Mechanical Properties of Macaca fascicularis Amniotic Membrane and Duramater: A Potential Biomaterial for Dural Defect Closure

Background: The amniotic membrane (AM), a versatile biomaterial with inherent stem cells and extracellular matrix, has shown promise in various tissue engineering applications. Its potential as a dural substitute, particularly in addressing dural defects and preventing cerebrospinal fluid (CSF) leakage, has garnered increasing interest. However, a comprehensive understanding of the mechanical properties of non-human primate (NHP) AM, especially in relation to human AM, remains elusive. This knowledge gap hinders the optimal utilization of NHP models, such as Macaca fascicularis, in translational research for dural repair. This study aimed to characterize the mechanical properties of fresh Macaca fascicularis AM and dura mater and to investigate the influence of fetal gender, gestational age, and parity on AM mechanics.

Methods: Sixteen fresh preparation amniotic membranes of Macaca fascicularis were obtained at the elective caesarean section that was already free of several infections, and three fresh preparation of dura mater of the same species were studied. The membranes were cut in specific sizes and then loaded at the Flavigraph (Textechno, Herbert Stein GmbH & Co.KG, Moenchengladbach, Germany) machine. The Young’s modulus, ultimate tensile strength, elongation at break, maximum elongation, and toughness of the amniotic membrane and dura mater were recorded and compared based on the fetal gender, gestational ages, and frequency of pregnancy.

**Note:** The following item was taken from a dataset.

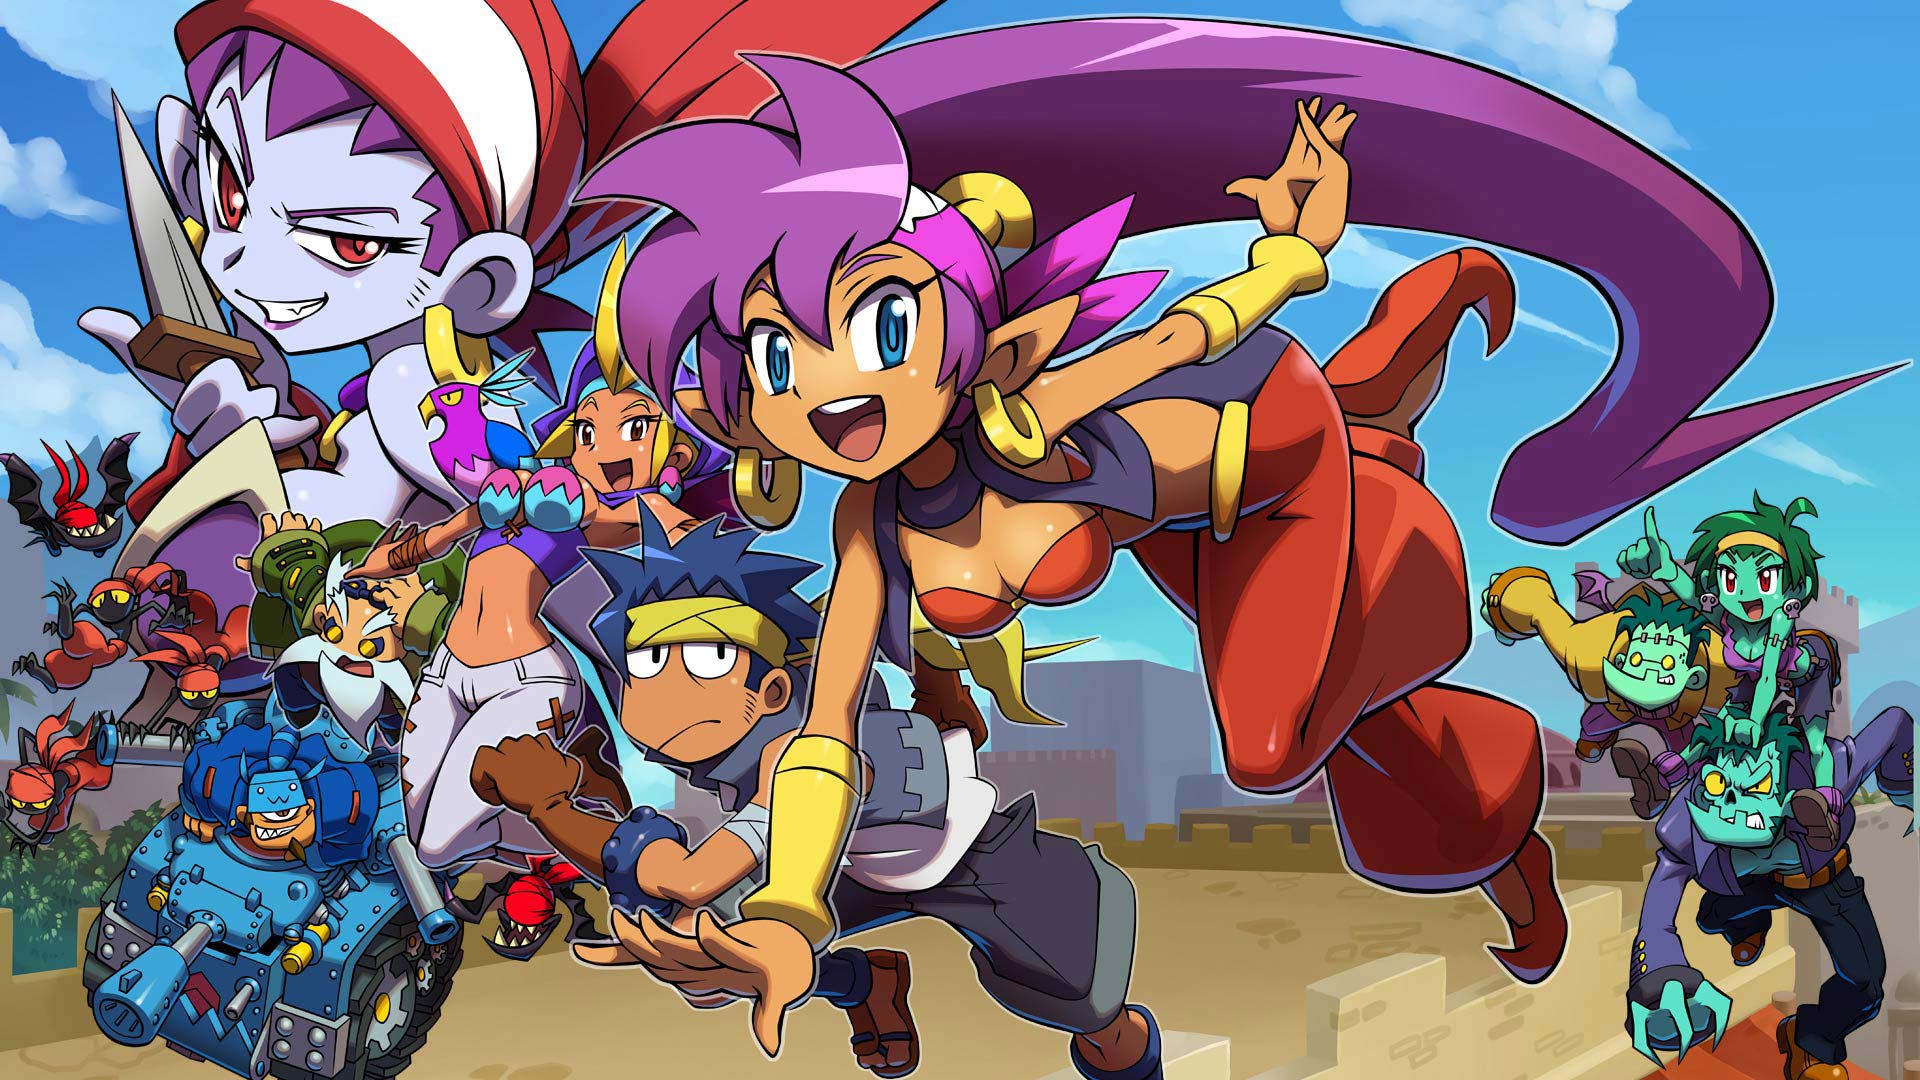 Shantae and friends. Wallpaper from Shantae and the Pirate's Curse

Results: This is the first report of mechanical properties of Macaca fascicularis amniotic membrane and dura mater. There are no statistically significant differences in mechanical properties of the amniotic membrane between the fetal gender, gestational age, and the frequency of pregnancy in fresh preparation amniotic membrane. The elasticity of the dura mater is seven times stiffer than the AM and the tensile strength of the dura mater is three times bigger than the AM, and the dura mater toughness is eight times bigger than the amniotic membrane.

Conclusion: Our findings have shown the mechanical properties of Mf AM are not dependent on factors of fetal gender, gestational age, and frequency of pregnancy. This work provides an explanation of the physical properties of fresh preparation AM as the consideration to be used as allograft biomaterial in the dura mater substitution procedure.